After reading through the responses, the worker confirmed their plan, saying: “I think I’m just going to say to him that I won’t socialize with him before I go… to manage expectations.”
The chart below, provided by Statista, revealed hurdles to a summer holiday.
An Ipsos survey from June revealed that people are eager to go abroad after years of uncertainty due to the pandemic.

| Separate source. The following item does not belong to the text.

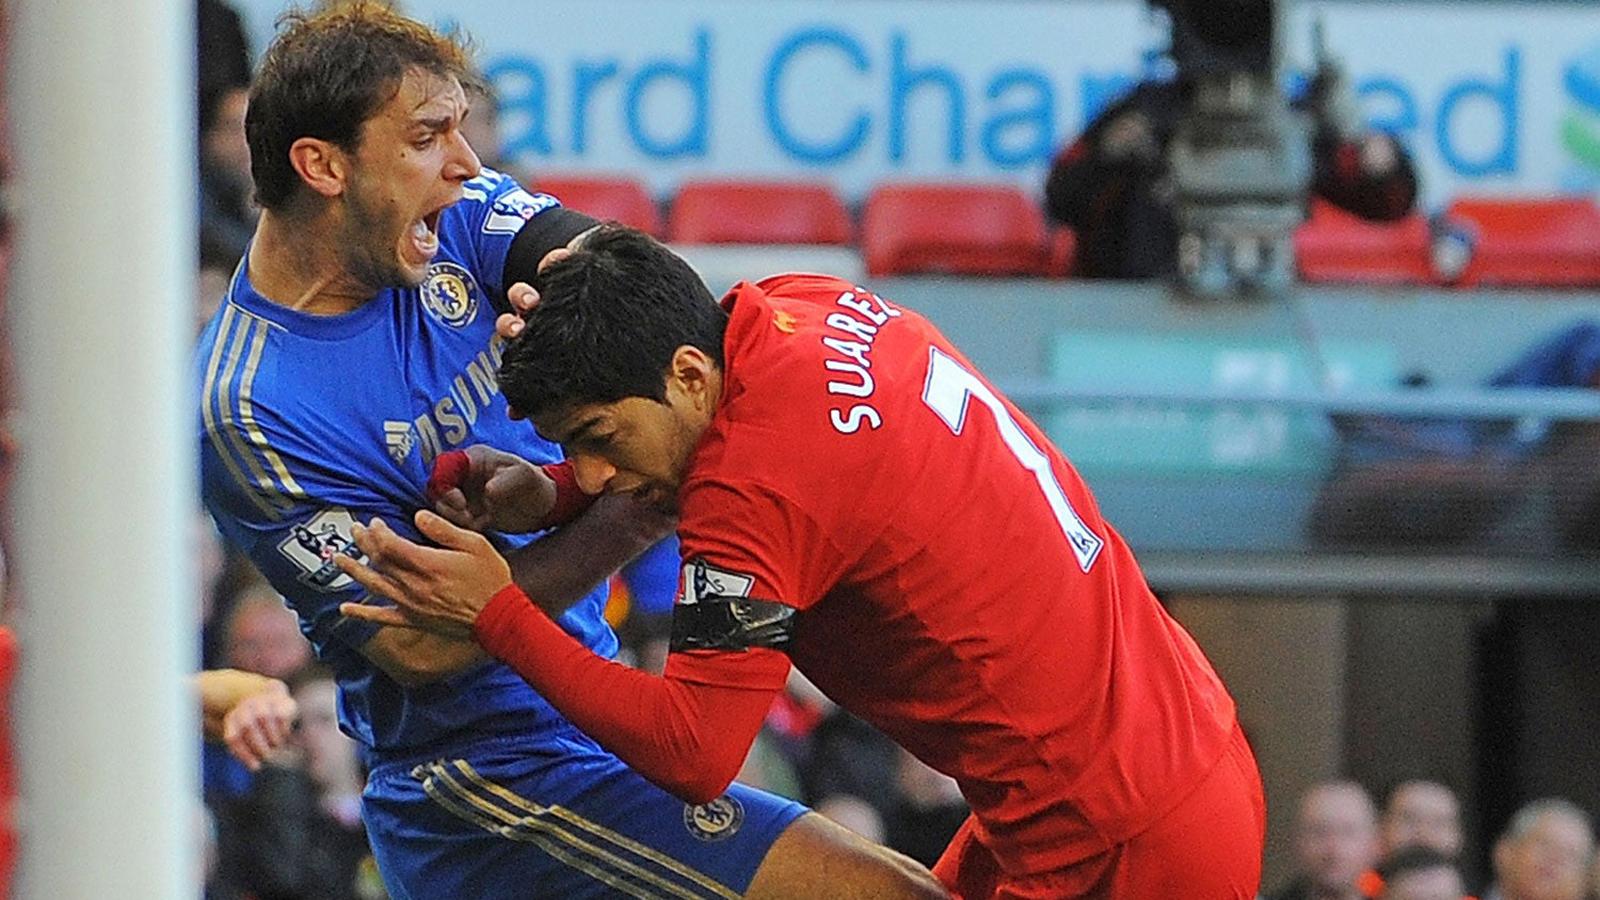 Luis Suarez: Siêu sao đáng thương hay kẻ phản diện bị ghét bỏ? - 8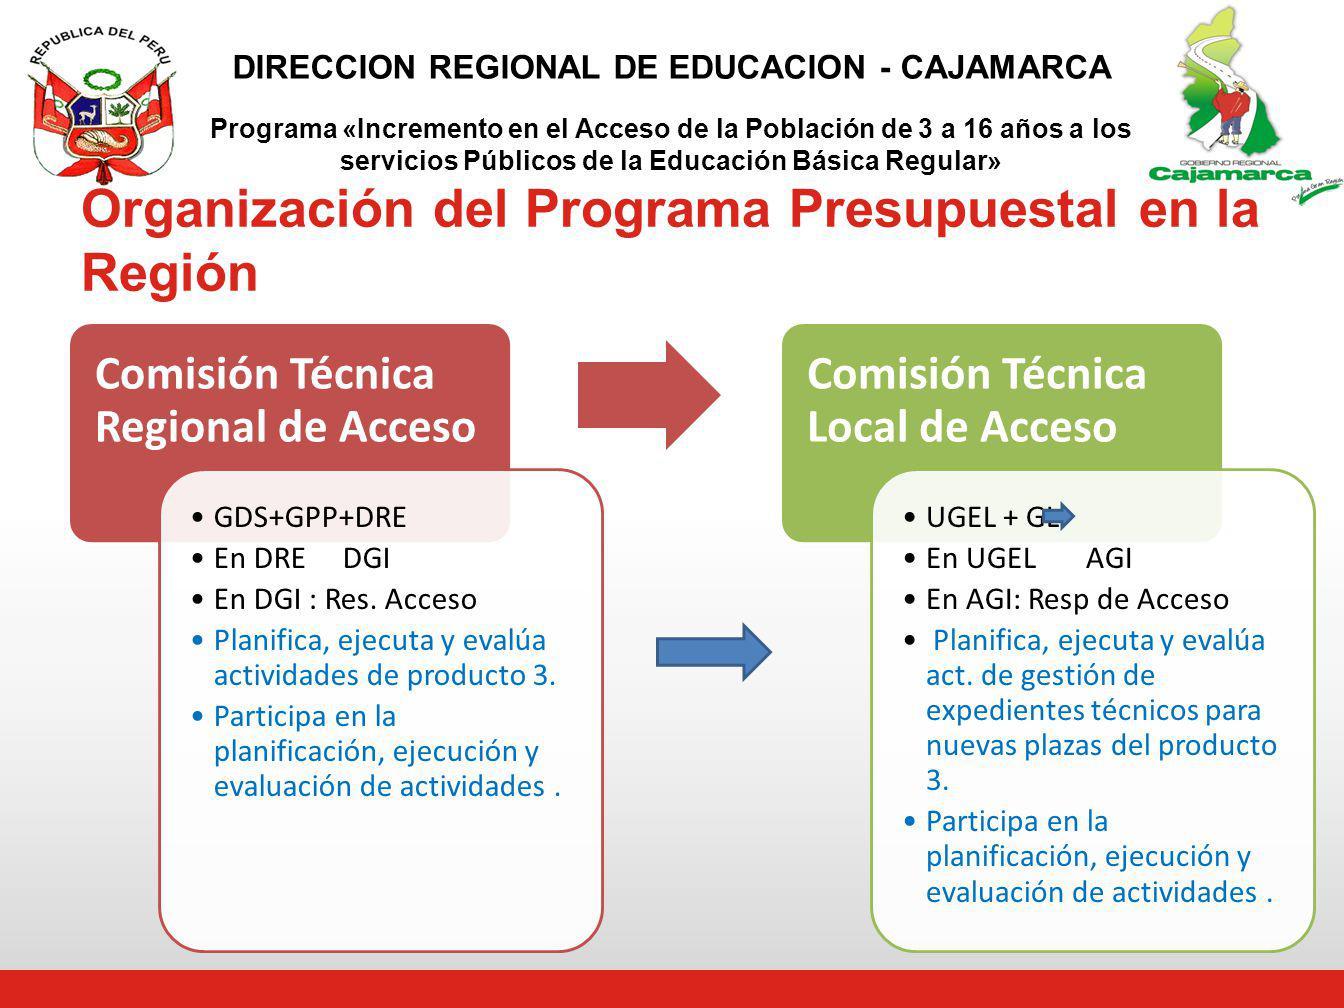 Organización del Programa Presupuestal en la Región

Statistics showed that 48 percent of Europeans and 36 percent of Americans were planning on vacationing overseas.
“Nevertheless, domestic travel remains at a higher level than 2019 in almost all the countries,” they added.
And it seems holidaymakers have a healthy budget, even amid inflation and gas price increases.
They noted: “Holidaymakers will have a bigger travel budget this year than they did in 2021: Americans intend to spend an additional $440, for a total budget of around $2,760 (+19% vs 2021).
“In Europe, the expected holiday budget is around $1,843 (€1,800) (+ $225 (€220), +14% vs 2021).”